For the Afternoon of Tuesday 9 November 2010

FOR THE AFTERNOON OF TUESDAY 9 NOVEMBER 2010

Essentials of Clinical Medicine / Tuesday 9 November 2010

Session 17

Homeostasis

Group work

Total body water

1. What is the expected value for the normal total body water, expressed as fraction of body weight, in:

a female of average weight
a male of average weight
a new born infant
a male aged 70 years.

2. What may account for the differences you give?

Distribution of body water

3. How is body water distributed among compartments?

4. How, in general, would you measure the size of these compartments?

5. Outline the electrolyte composition of the various compartments of body fluids.

6. How far do the concentrations of these components change in normal physiological conditions? What might you expect to happen in severe exercise?

Cellular water and interstitial fluid

7. How is an equilibrium maintained between cellular water and interstitial fluid?

8. In open heart surgery, a cardioplegic solution may be used to stop the heart. The composition of St Thomas’ cardioplegic solution No.2 is:

component / concentration (mmol-1)
Na+ / 120
K+ / 16
Mg2+ / 16
Ca2+ / 1.2
Cl- / 160.4
HCO3- / 10

(You are not expected to remember the detail of this composition. You will consider how cardioplegic solutions stop the heart during the CVS module.)

8.1 What effect will this solution have on membrane potential of cardiac myocytes?

8.2 Why does cell volume increase in the heart perfused with such a cardioplegic solution?

8.3 How might you consider altering the composition of a cardioplegic solution to prevent this increase in cell volume? (You are being asked to speculate here – there is no clear ‘correct’ answer.)

9. Central neurones, exposed to low osmolality solutions, release taurine. What effect will this release have on the expected cell swelling resulting from the low osmolality of the extracellular solution?

Interstitial fluid and plasma – Starling forces

10. What factors determine the equilibrium between interstitial fluid and plasma?

11. What will happen to this equilibrium if capillary permeability is increased, as in anaphylaxis?

12. What will happen to this equilibrium if venous hydrostatic pressures are increased, as in ventricular (heart) failure?

13. Liver disease may result in oedema. What factor(s) lead to oedema in such conditions?

14. Disease of the renal glomerulus (which filters blood as the first step in urine formation) may also lead to oedema. Why should this be the case?

Dehydration

15. Diarrhoeal diseases lead to loss of body water, often causing death through dehydration. What will happen to the various compartments of body water in cholera?

16. What will happen to a) urine output, b) blood pressure, c) body temperature, and d) haematocrit in someone suffering from a diarrhoeal disease?

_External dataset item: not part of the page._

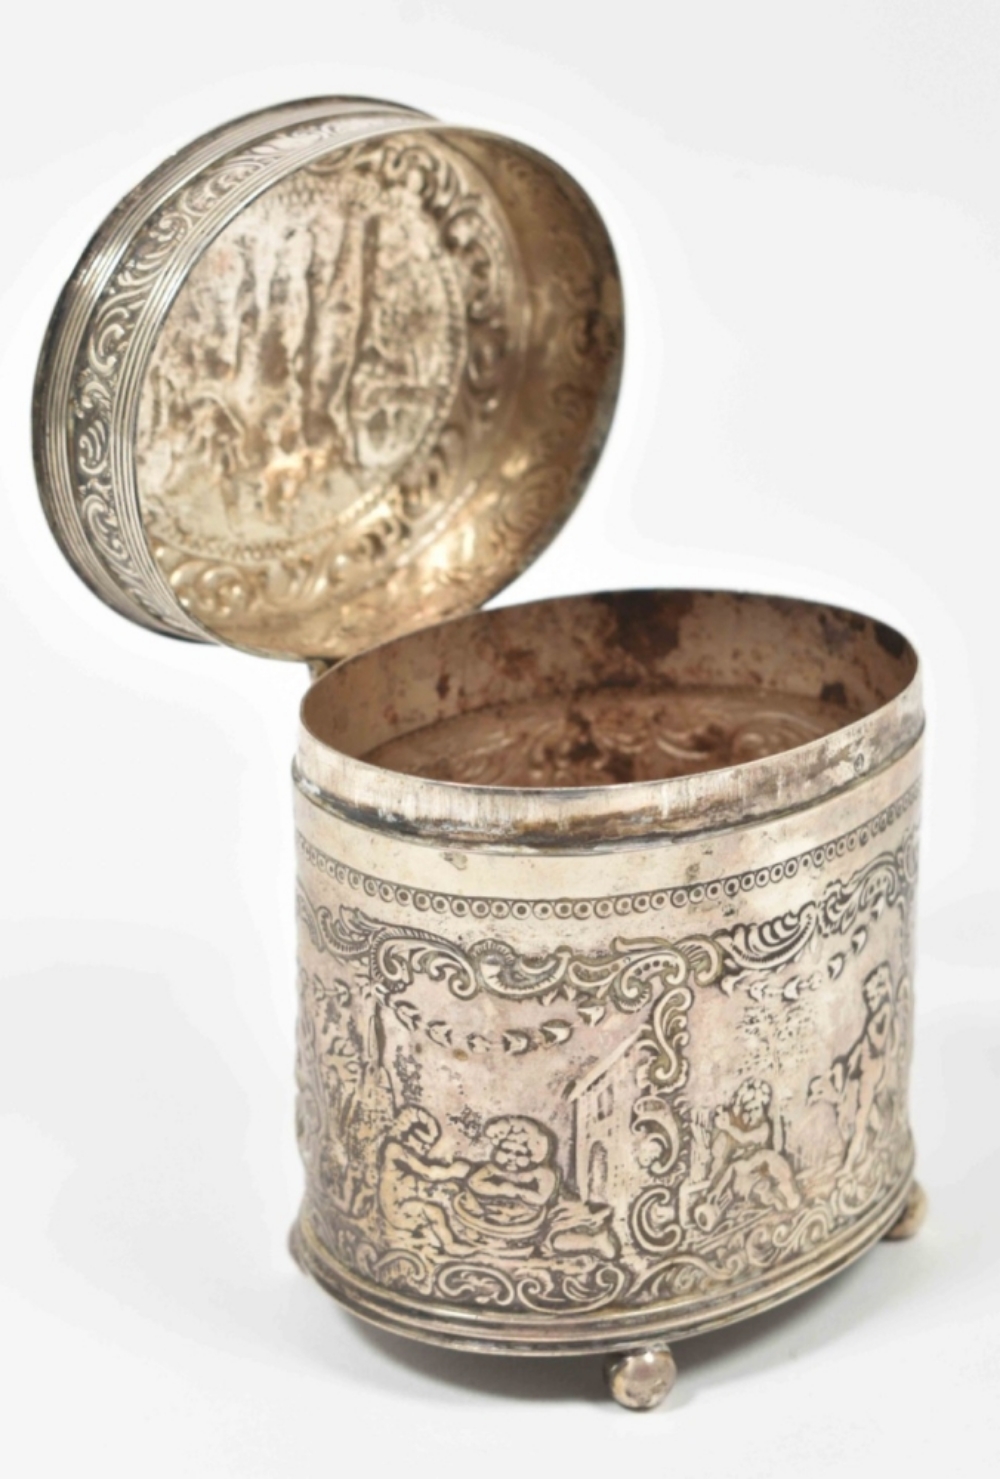 Oval silver tea-caddy - Image 7 of 7

17. Oral rehydration therapy was introduced ~30 years ago. Its introduction led to a world wide reduction in child deaths from diarrhoea from 4.6 million a year in 1980 to around 1.5million a year in 2000. The World Health Organisation and UNICEF recommend use of a solution with the following composition:

component / concentration (mmol-1)
Na+ / 75
Cl- / 65
Glucose / 75
K+ / 20
citrate3- / 10

(You are not expected to remember the composition of this solution.)

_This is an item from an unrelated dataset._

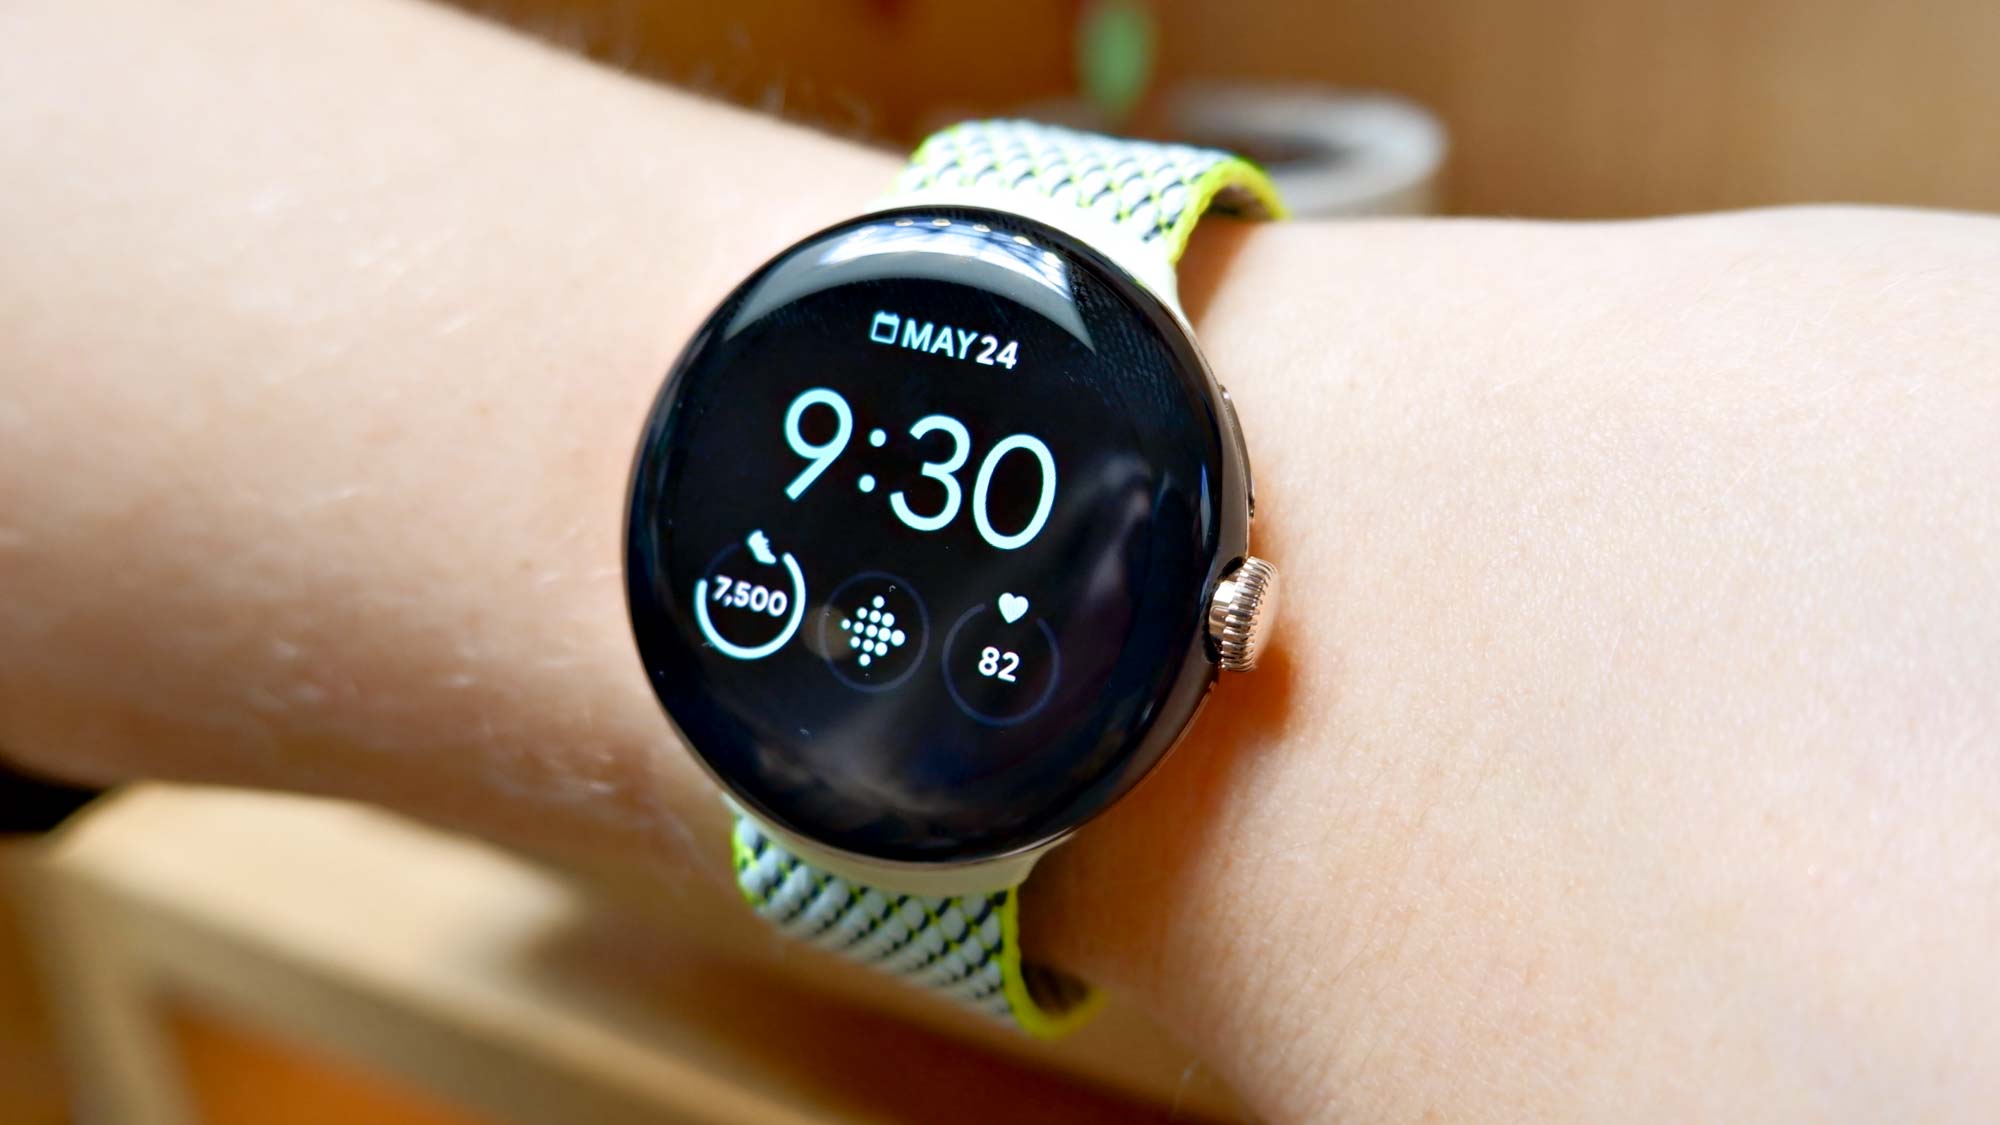 Google should make sure the Pixel Watch is comfortable to wear all day long.

17.1 Why does this solution contain glucose and Na+?

17.2 By what mechanism(s) are these transported through the intestinal mucosa?

17.3 Why does the solution contain K+ in addition to Na+?

17.4 By what mechanism does cholera (infection with Vibrio cholerae) generate high loss of salt and water through diarrhoea?

Hypovolaemic shock (You will learn more about shock in semester 2, so detailed understanding is not expected at this stage.)

18. What do you understand by the term hypovolaemic shock?

19. Hypovolaemia may be managed by giving intravenous fluids. What do you understand by a) a crystalloid solution and b) a colloid solution? How would these solutions be distributed through the body fluid compartments?

20. 0.9% NaCl solution is often described as isotonic. What does the term isotonic denote? Show, by calculating the concentration of NaCl in mmol.l-1, that 0.9% salineis isotonic. The molecular weight of NaCl is 58.5.